By Johnson, Content Writer
According to PwC, 52% of companies worldwide have decided to use AI algorithms. Artificial Intelligence is an excellent tool for business and a clear example of how hi-tech collaborates with computer science. AI helps make strategic decisions with automated tasks and insights got with the help of big data. However, the developers who created these algorithms are unsure if the data is correctly explained. And some machine-made decisions are affected by human prejudices.
As it’s covered in ExpressVPN’s research dedicated to the AI Bill of Rights, robots and machines should follow the same ethical norms as people. Made to protect people from harm caused by automated systems, the AI Bill of Rights explores such a phenomenon as artificial intelligence prejudice. It’s also known as AI bias.
For example, one person creates software to recognize some patterns in human behavior. The system works well, but the inventor has a particular unconscious bias. For example, he dislikes people who are hardworking yet could be more communicative. On the one hand, today’s business workflow does not leave the gates open for the lack of communication. On the other hand, if the person is gifted and skillful, he can communicate better with his colleagues in a while.

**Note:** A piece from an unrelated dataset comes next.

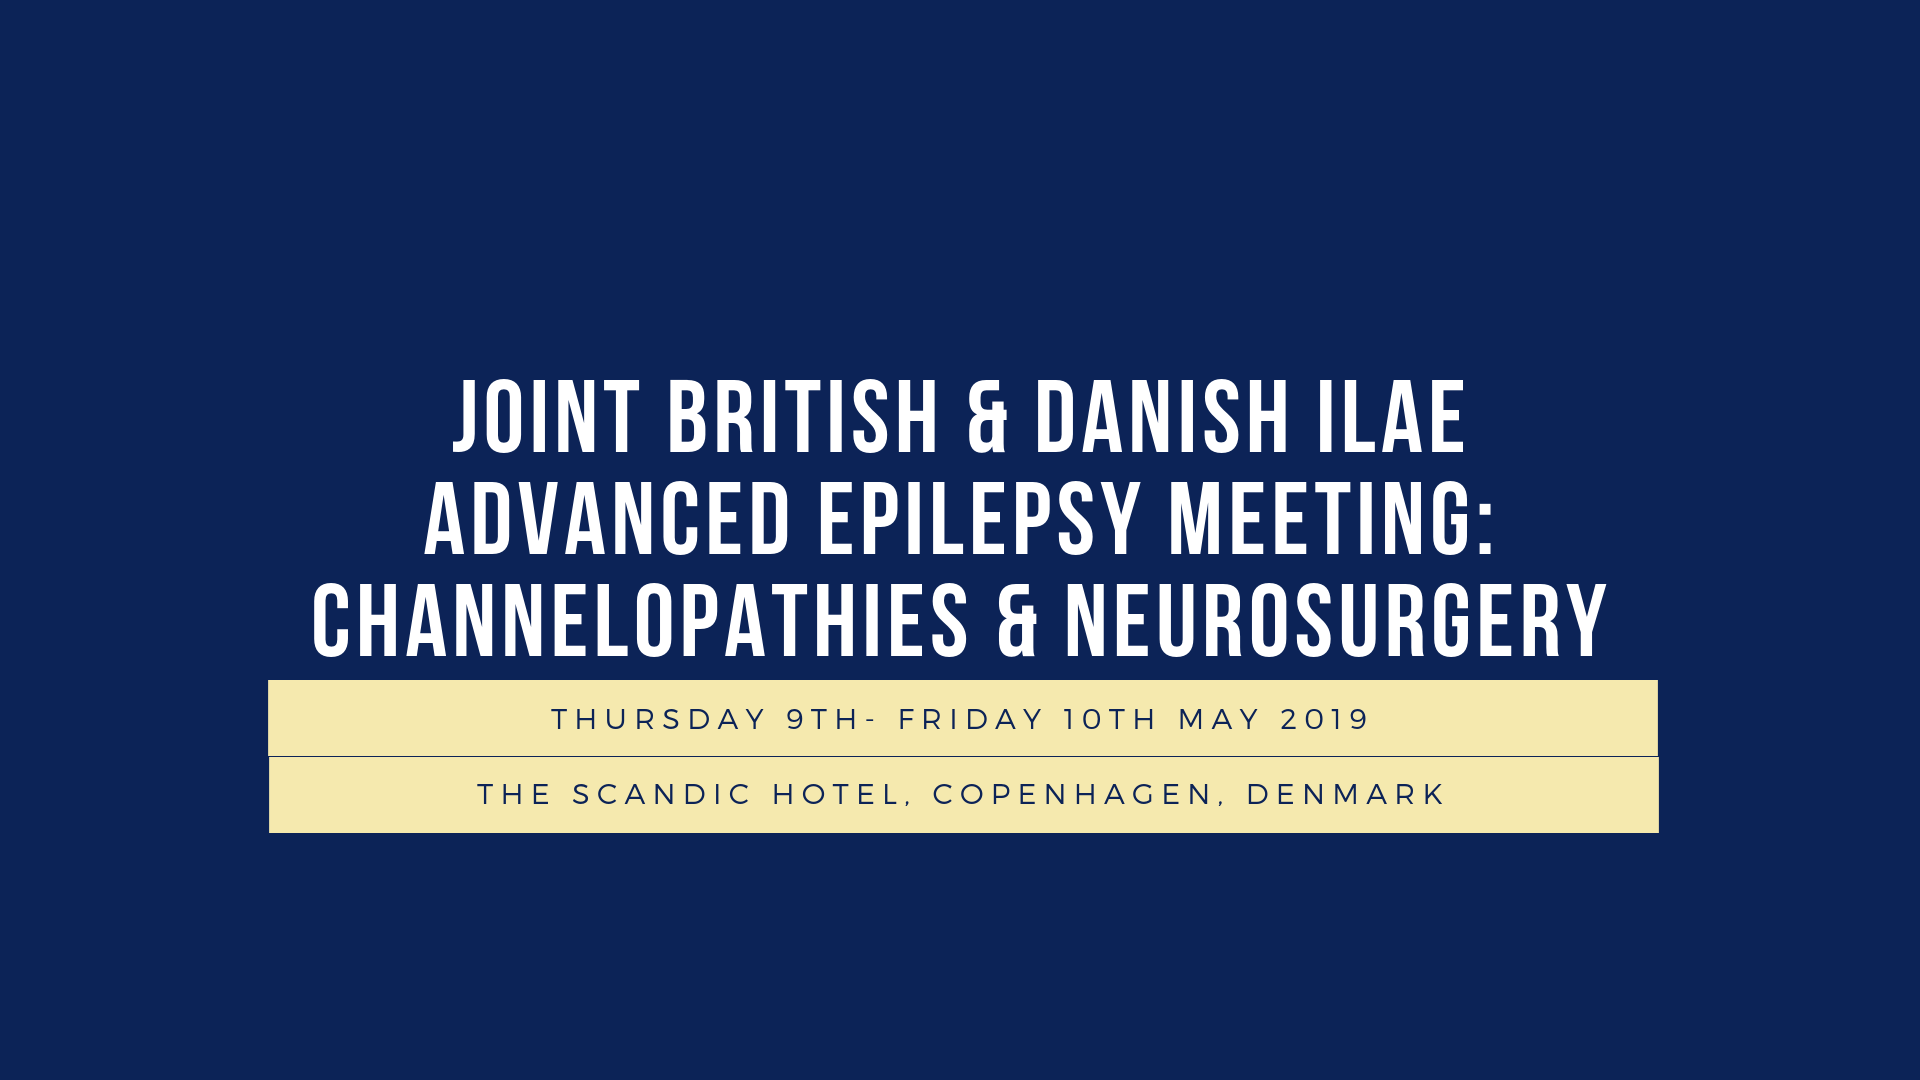 Joint British and Danish ILAE Advanced Epilepsy Meeting: Channelopathies and Neurosurgery

The bias can occur at the stage of training the model, too. For example, the machine is designed to teach students primary historical characters and events. When the student starts studying this topic, he can ask such software anything and get a good answer. However, if the person who wrote the texts and trained the models did not check the facts, the machine could represent the data with the mistakes.
Some biases are also connected to gender stereotypes. For instance, when the machine needs to correlate concepts, such as the term “doctor,” it might use men only. It happens because, on the Internet, there are more male representatives of this profession than female ones.
One more bias is connected to the selection process. In case the information used to train the algorithm over-represents one population, the algorithm will likely outperform other demographic groups for that population. According to Baeldung, it is easy to prevent selection bias. If the scientist prepares data for the model to explore the level of education in a population by administering questionnaires, the governmental bodies have already studied this topic. It means the data proposed to the model should be before any other knowledge.
Indeed, AI is a great system that can study without human intervention. However, there is a need to check AI behavior at different steps to avoid unnecessary behavior, mainly if this AI aims to teach students. It’s also good to follow the principle of Bayesian statistics: “Know thyself, and know the priors.” After all, AI operates using facts and figures, and only you decide which information could explore the topic better.